Bottom line: Transform working foundation into enterprise-grade data infrastructure that scales with our growth.

Where We Are Today

Default has proven the value of data-driven decision-making with our existing infrastructure:

What’s Working

Omni Analytics dashboard operational with comprehensive metrics (view dashboard)
MotherDuck data warehouse established and serving queries
Key business metrics tracked: customer counts (5,250+ customers), activity metrics (1.4M+ events), and geographic distribution
Sophisticated visualizations including time-series trends, stacked area charts, geographic analysis, and financial breakdowns
Demonstrated impact on pricing strategy, company-wide reporting, and product adoption insights

The Challenge

However, our current setup cannot scale to meet growing demands:

Data freshness issues: Product data from Postgres is stale due to manual sync processes - no automated ETL pipeline
Missing critical integrations: Salesforce (customer/sales) and Hyperline (subscriptions) data not yet flowing into the warehouse
Phoenix instrumentation gap: Our next-generation product lacks behavioral analytics tracking in Amplitude
Limited data accessibility: Stakeholders depend on data team for insights, cannot self-serve
Infrastructure brittleness: Ad-hoc processes create reliability risks and maintenance burden

The Business Impact

Our recent Omni demo revealed urgent demand from multiple stakeholders across sales, customer success, product, and leadership for expanded reporting capabilities.
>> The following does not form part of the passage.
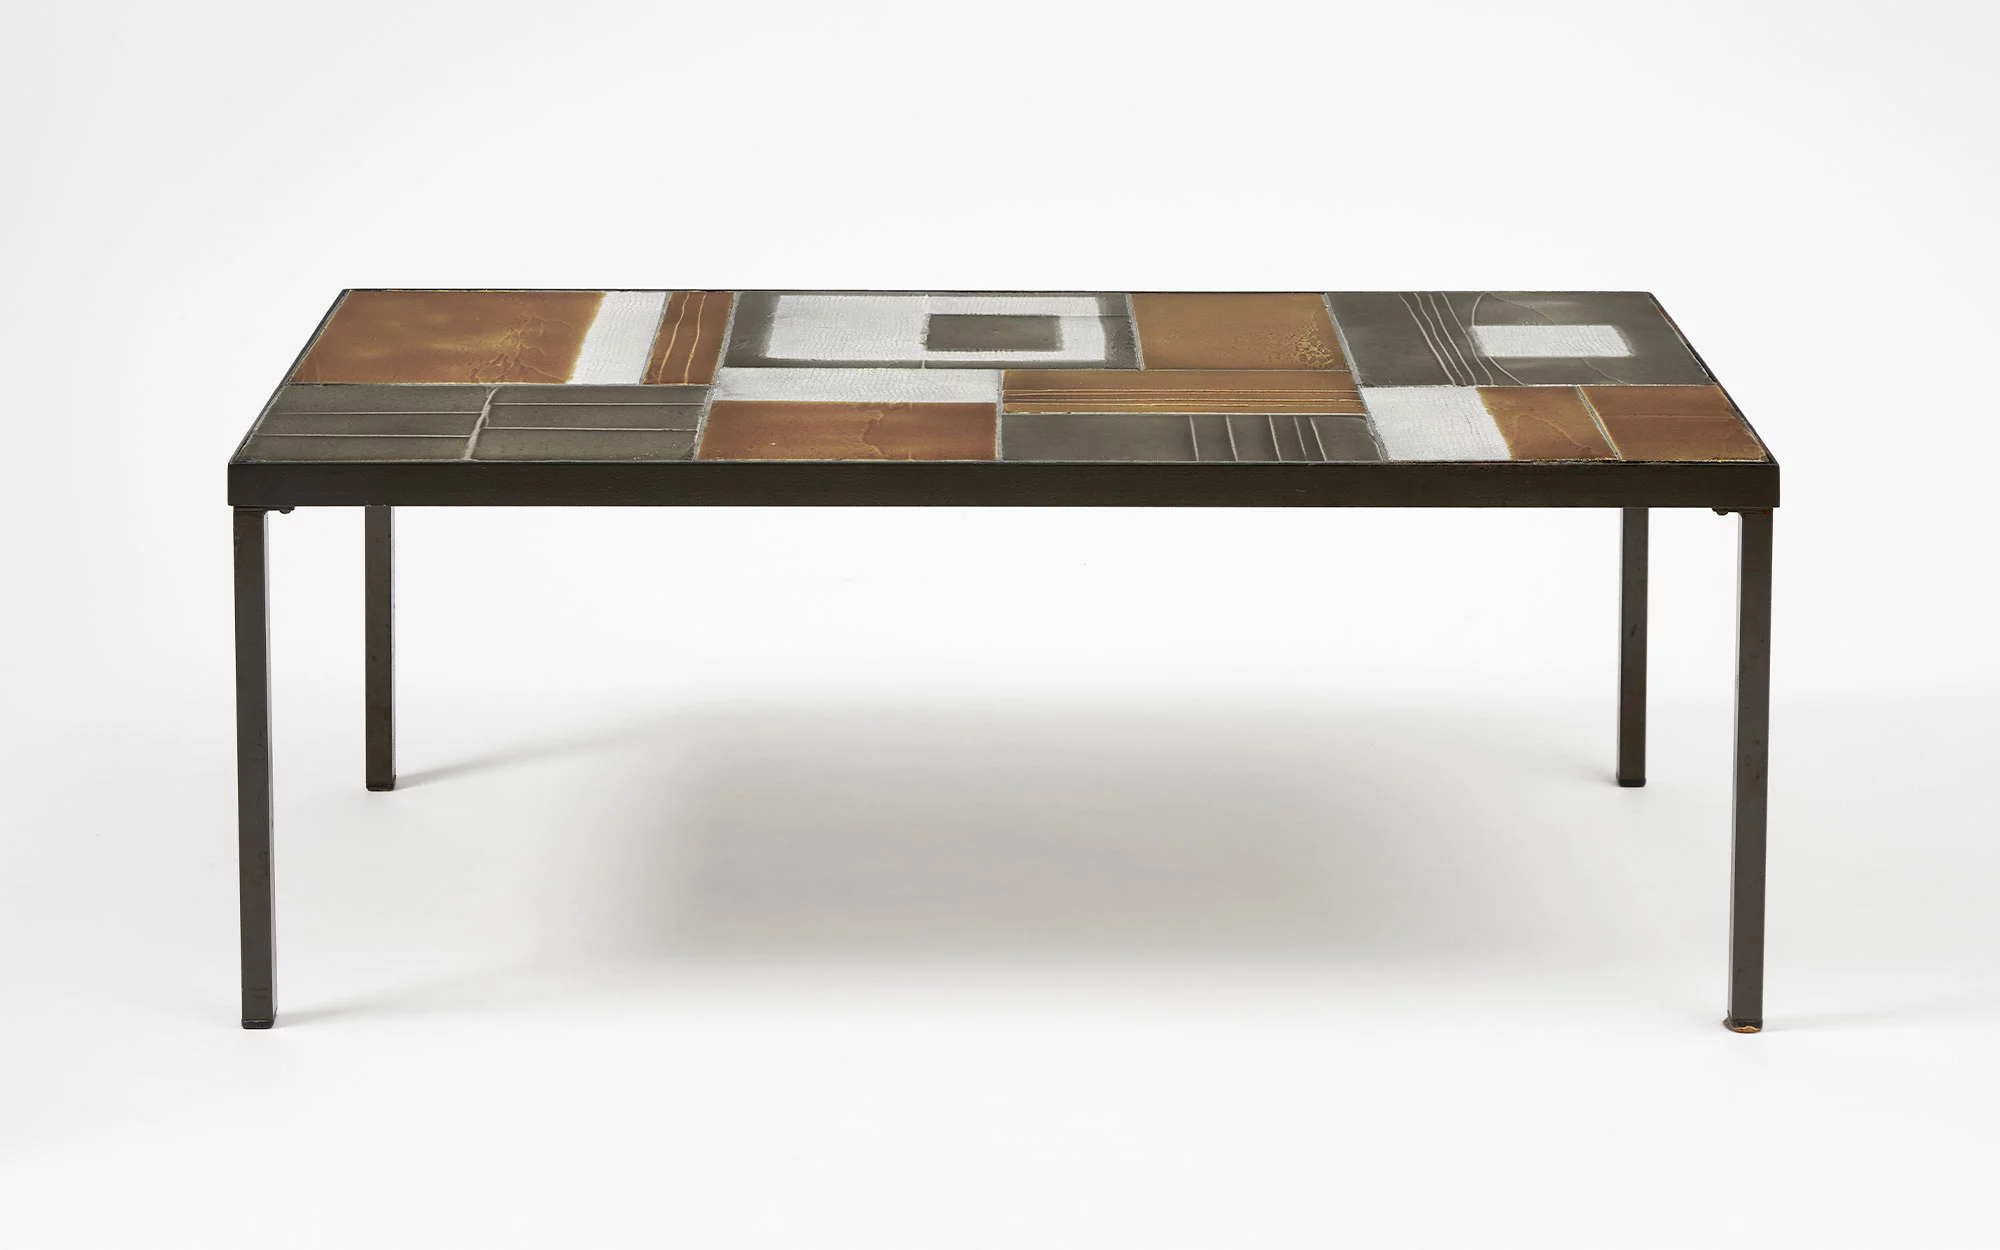 Geometrical - Roger Capron - Coffee table - Galerie kreo

Teams need answers to questions we can’t reliably answer today:

Which customer segments have the highest retention and expansion potential?
What product usage patterns predict churn vs. growth?
How do pricing changes impact adoption and revenue?
Which features in Phoenix drive value and which are ignored?
What’s the real-time health of our customer base across product usage + CRM data?
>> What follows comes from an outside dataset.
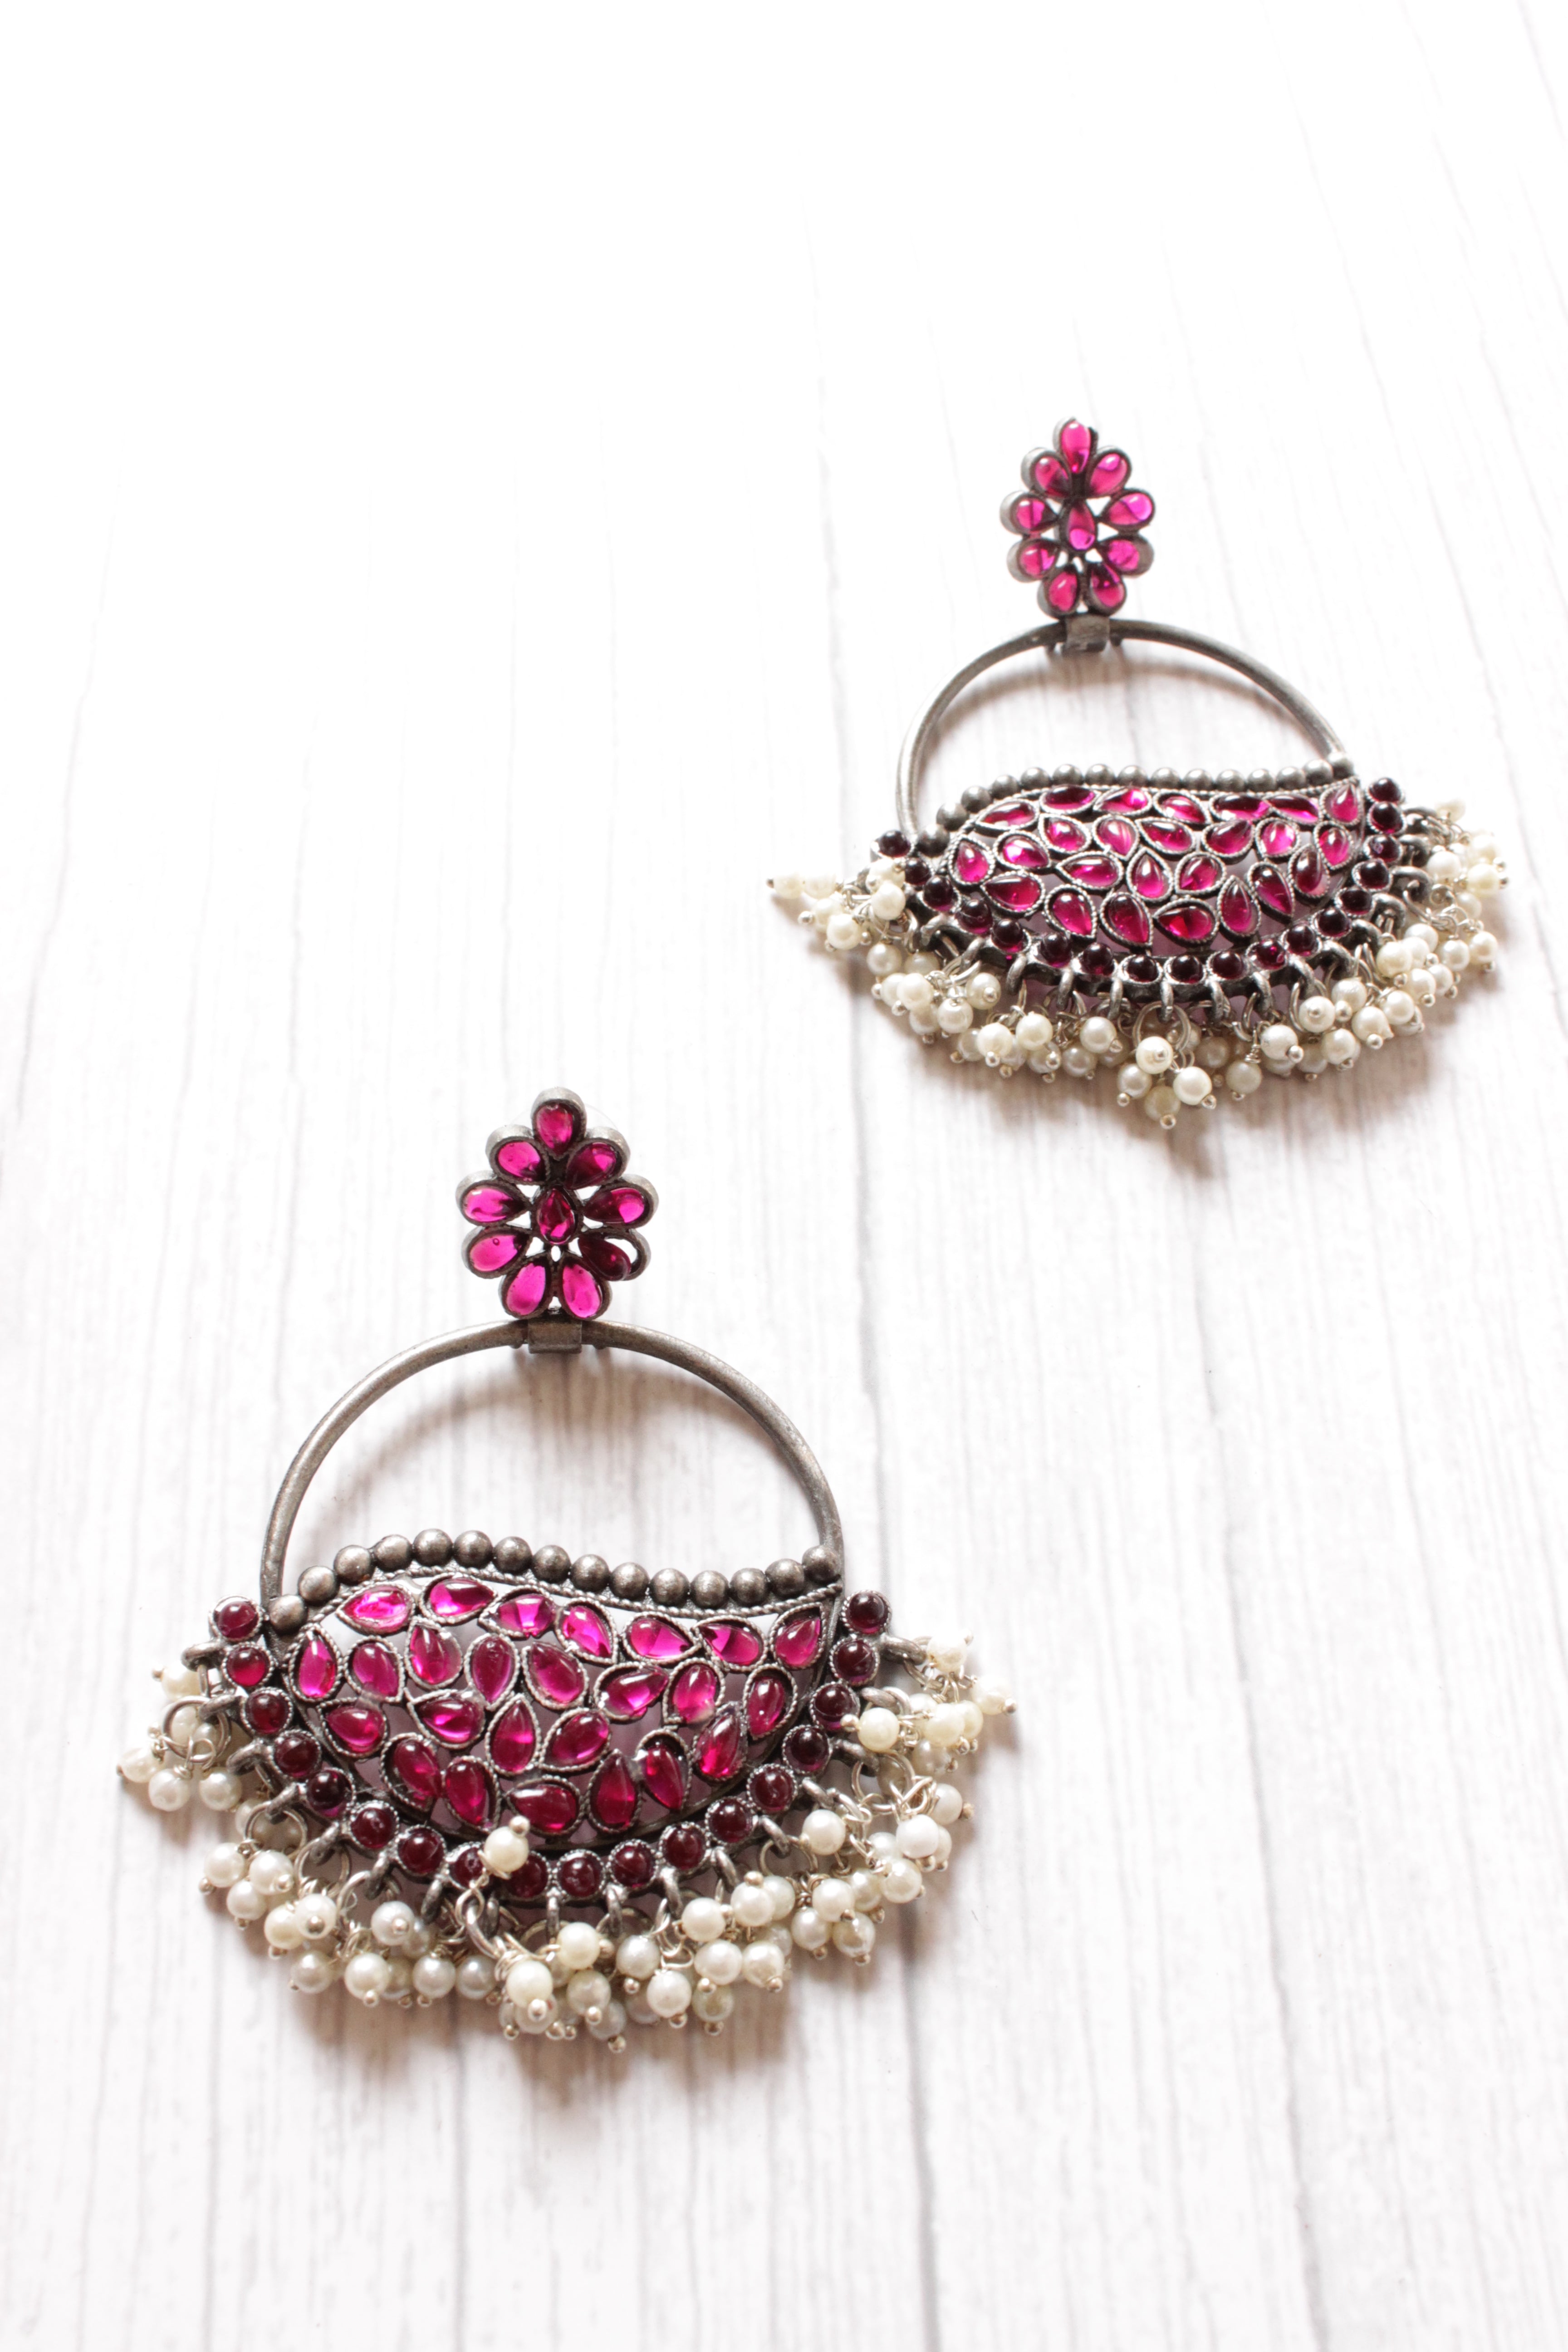 Pink Rhinestones Embedded Circular Dangler Earring with White Beads Detailing

Without modernizing our data infrastructure, we’re building on a foundation that can’t support our growth.

The Opportunity

When you have a self-serve software offering, data infrastructure IS product infrastructure. The companies that win in self-serve are the ones that can:

Identify ideal customer profiles by connecting customer attributes (Salesforce), product usage (Amplitude/Postgres), and revenue outcomes (Hyperline)
Predict and prevent churn by spotting engagement drop-offs and proactively intervening
Optimize pricing and packaging using data-driven insights on feature adoption and willingness to pay
Accelerate product development by understanding which features drive retention and expansion
Empower teams to self-serve with reliable dashboards instead of waiting for data requests

The real power comes from having all of this in one place. You can see that a certain type of customer (Salesforce) adopts specific features quickly (Amplitude), uses them heavily (product usage), expands their subscription (Hyperline), and has low support costs (customer success data). That’s your ideal customer profile, and you can only see it when the data connects.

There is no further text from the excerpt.